:: To do ::
Could you write out, exactly as they stand, only the lines in the listing below from the line with "Se estima que" to the line with "peach-colored Santuario de", both ends included, without the pictures?

:: Information supplied ::
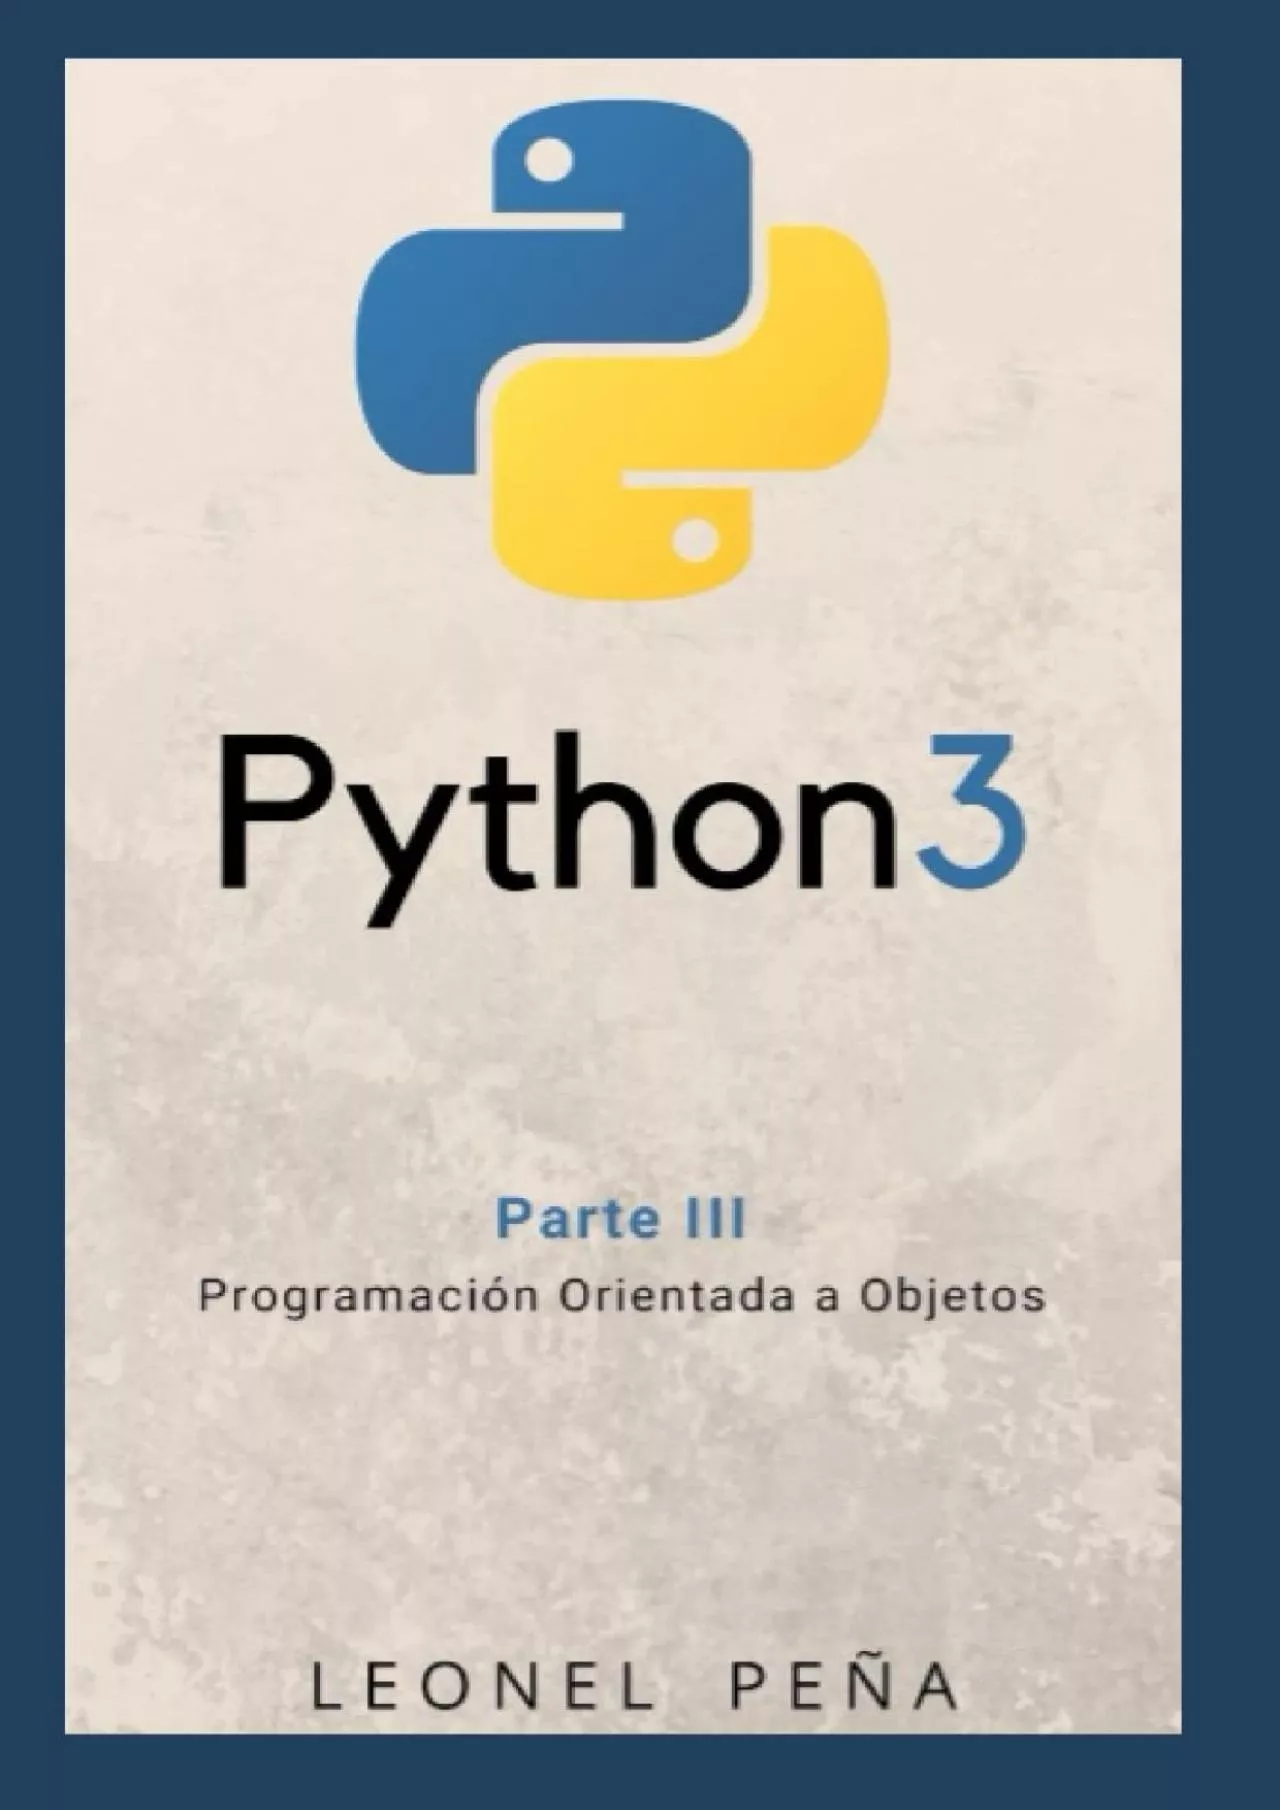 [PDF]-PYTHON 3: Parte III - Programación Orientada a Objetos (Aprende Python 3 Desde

==

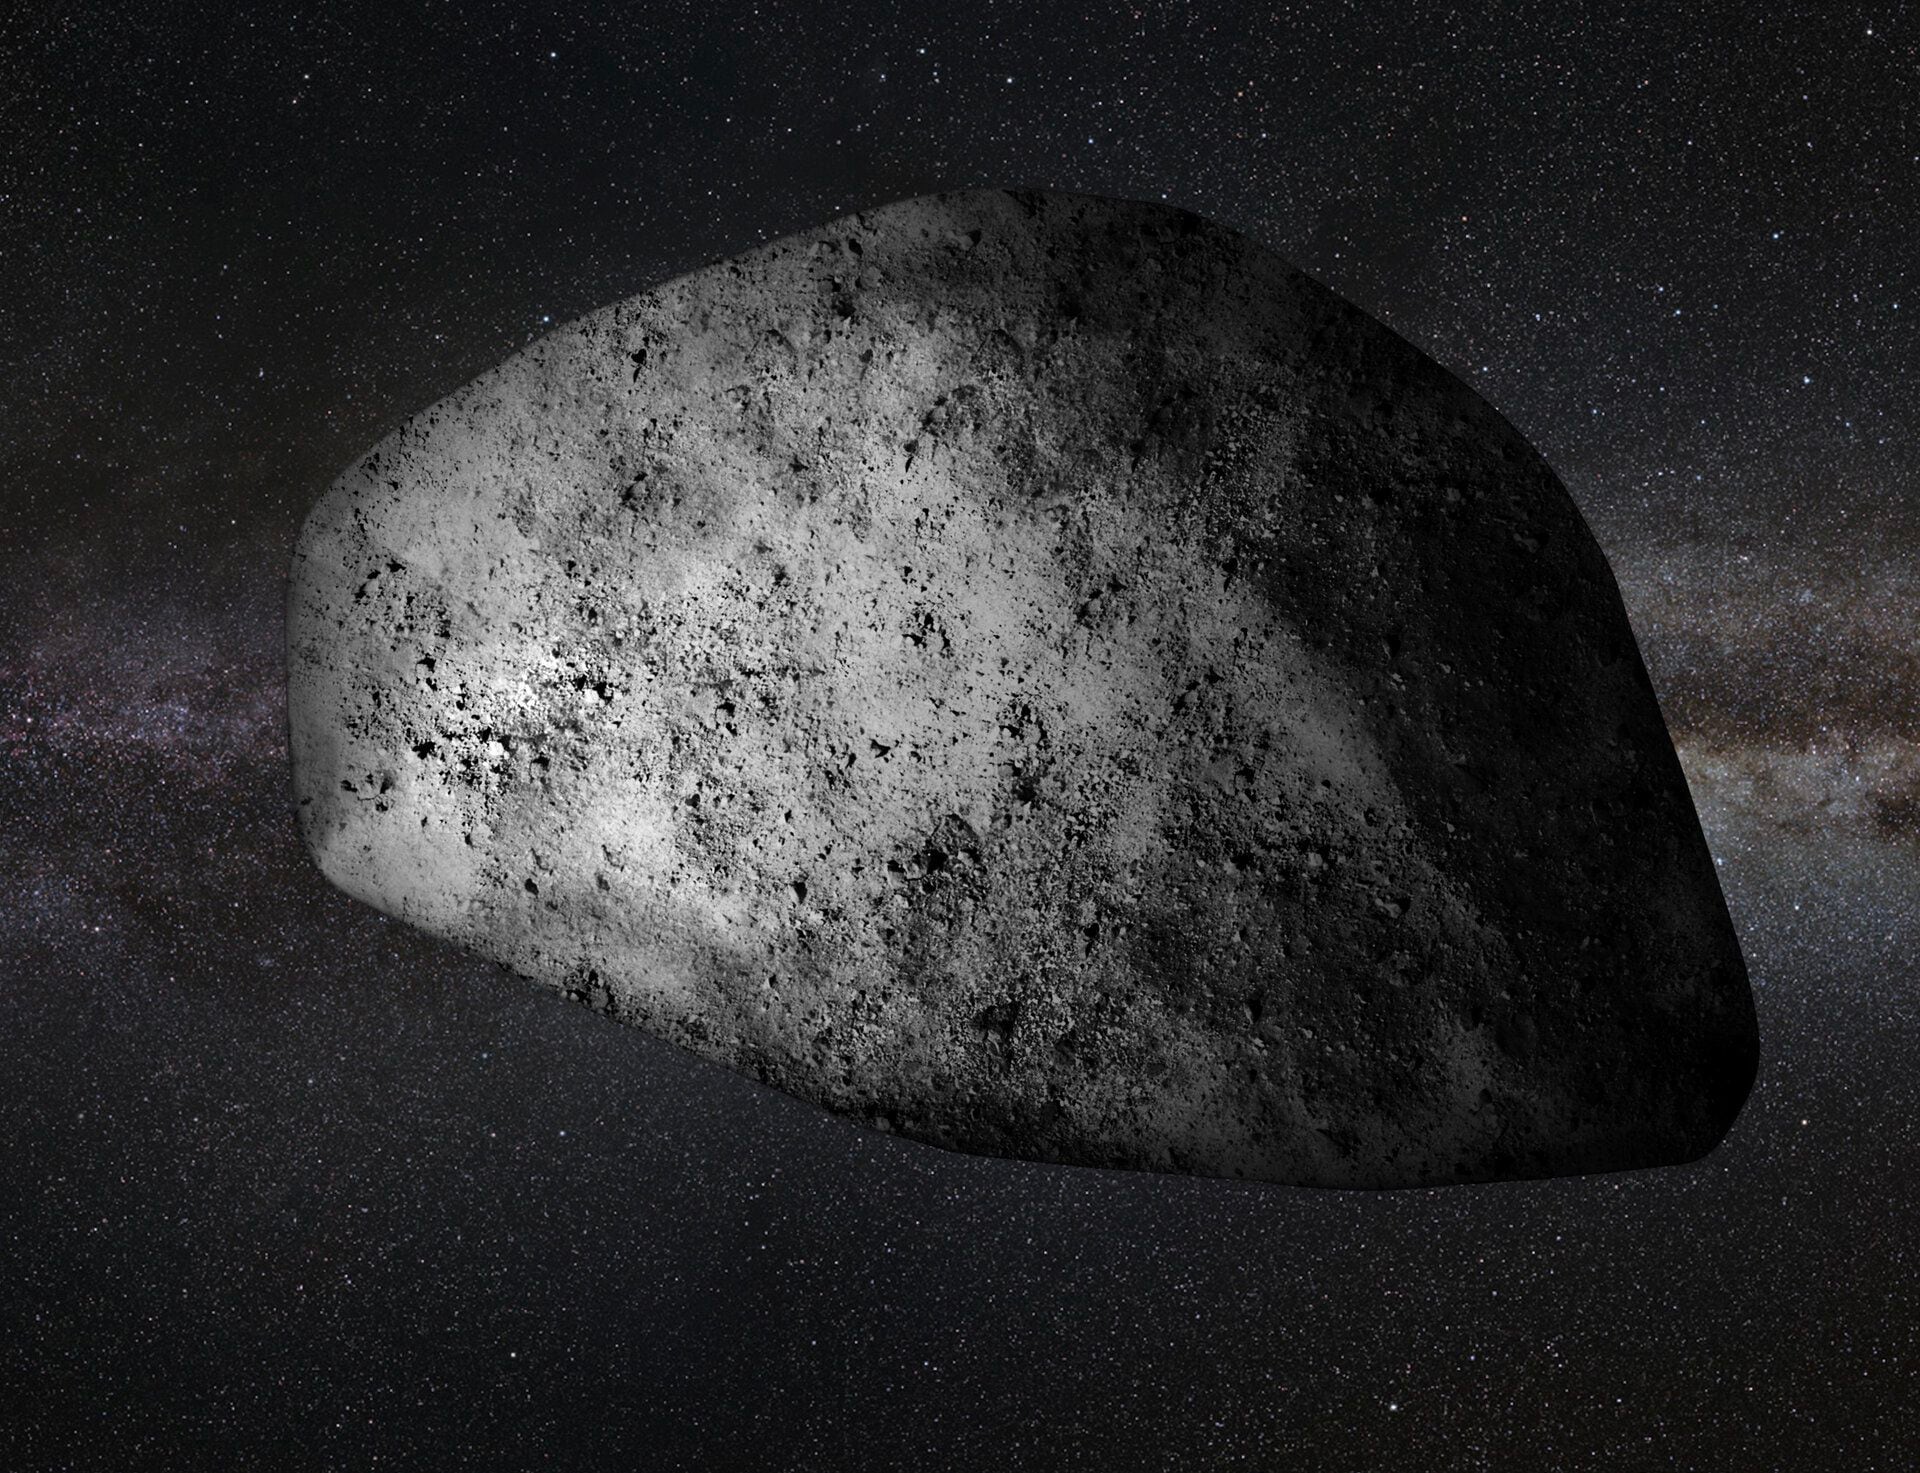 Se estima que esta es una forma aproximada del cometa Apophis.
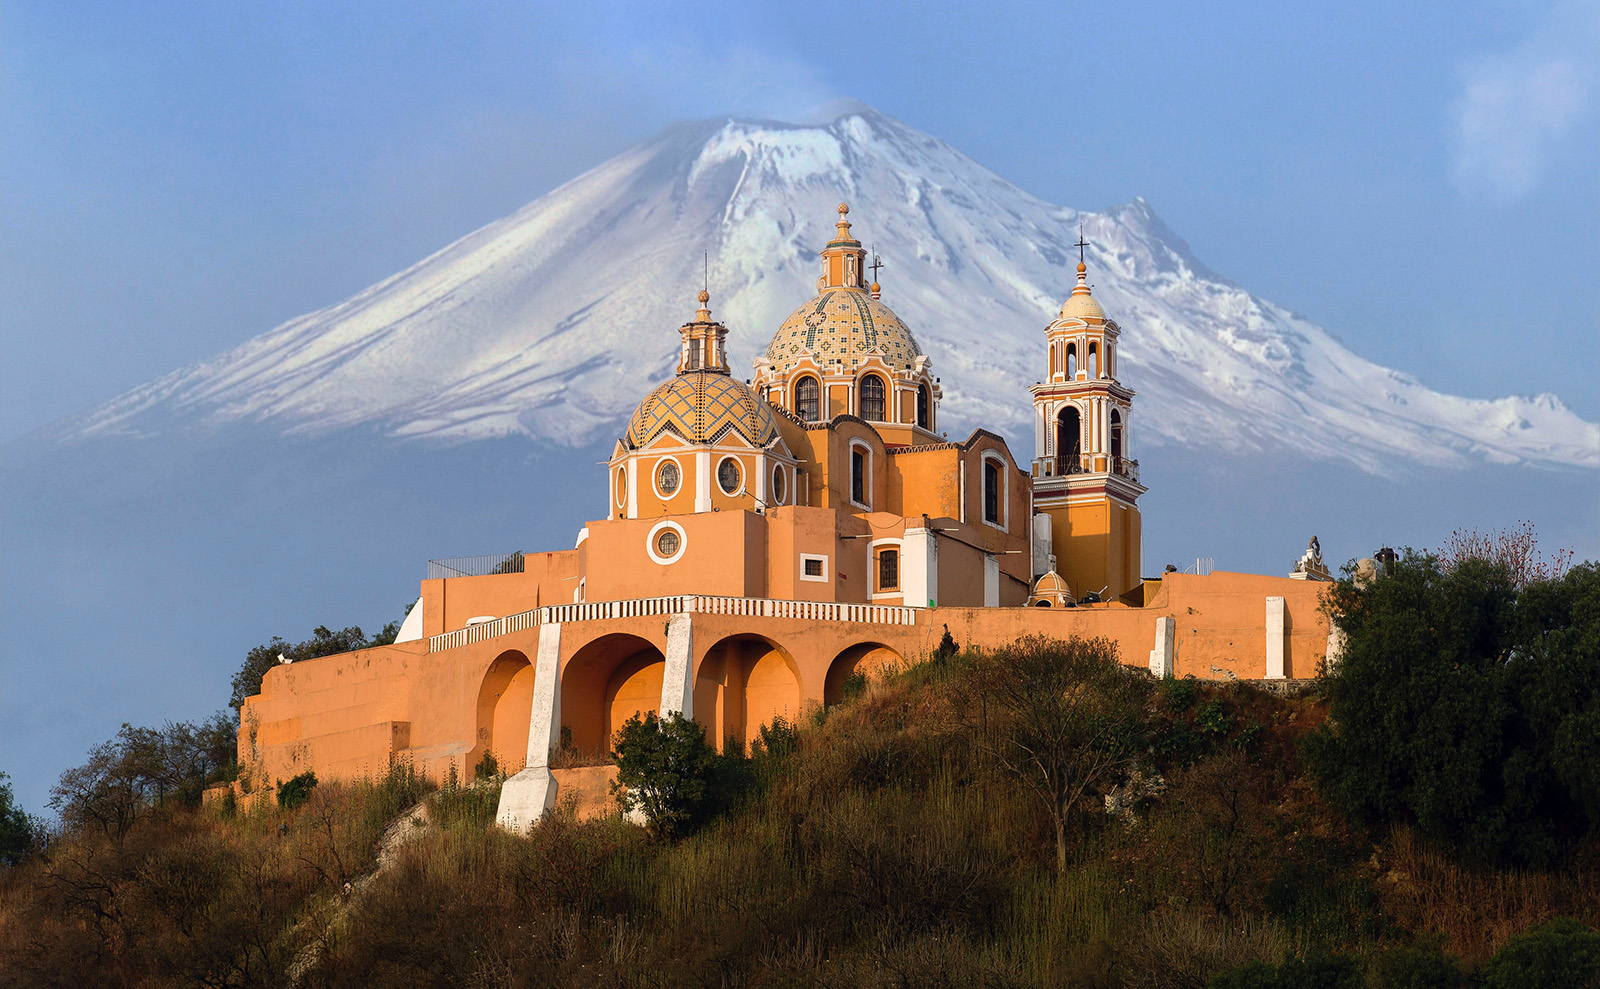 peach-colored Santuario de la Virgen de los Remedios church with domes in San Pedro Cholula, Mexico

* * *

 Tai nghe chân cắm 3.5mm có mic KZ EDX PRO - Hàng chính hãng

:: Exercise output ::
 Se estima que esta es una forma aproximada del cometa Apophis.
 peach-colored Santuario de la Virgen de los Remedios church with domes in San Pedro Cholula, Mexico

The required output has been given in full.